There are 12,289 VCF files, so downloading make take awhile. Each compressed file is between 25 to 50KB in size. (That's about 500 MB.) Hopefully, you only need to run this section once.

Note: A more robust data download notebook can be found [here](https://colab.research.google.com/drive/1gFBrTnvoNG5NItlxxe85dEd_dKXh_k8_?usp=sharing).

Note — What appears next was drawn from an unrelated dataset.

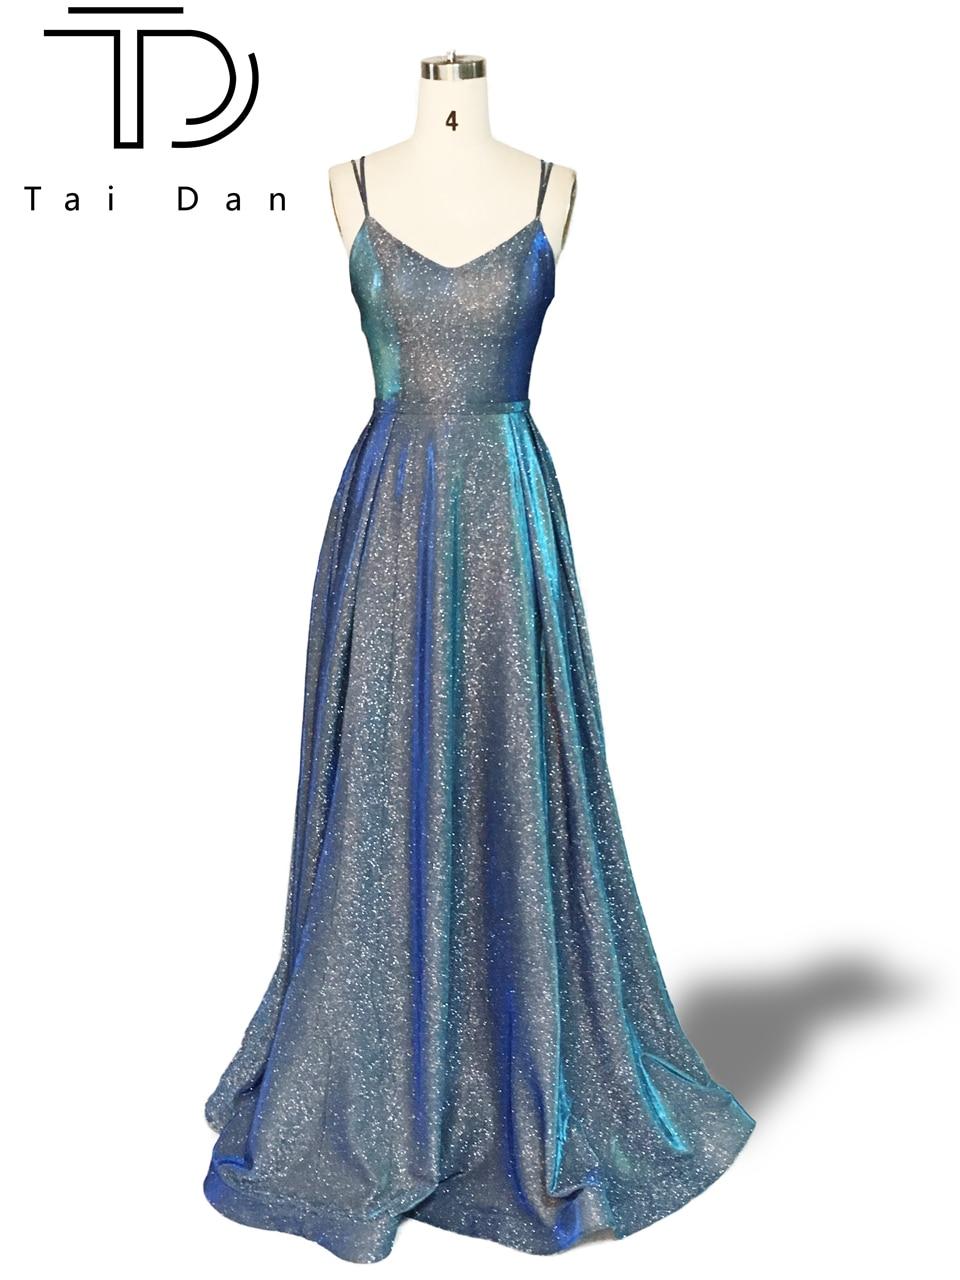 Gorgeous Prom Dress A-line Deep V-neck Sleeveless Formal Evening Prom Dress Long Glitter Shinning Girl Prety Dress Party Gown

The code here may already have been deprecated.






In [None]:
import pandas as pd
df = pd.read_csv(evo_general_dir + cryptic_general_file)

ftp_dir = 'ftp.ebi.ac.uk/pub/databases/cryptic/release_june2022/reproducibility/'
output_dir = evo_general_dir + 'sample_vcfs'

In [None]:
# """
#   Uncomment the below to download CRyPTIC genotyping data (VCFs).
# """

# import os
# import pandas as pd

# from tqdm import tqdm


# def extract_site(vcf_path):
#   vcf_path = vcf_path[vcf_path.find("site"):]
#   return vcf_path.split(".")[1]

# for index, row in df[['VCF']].iterrows():
#   vcf_path = ftp_dir + row[0]
#   output_dir = evo_general_dir + 'sample_vcfs' + '/site_' + extract_site(vcf_path)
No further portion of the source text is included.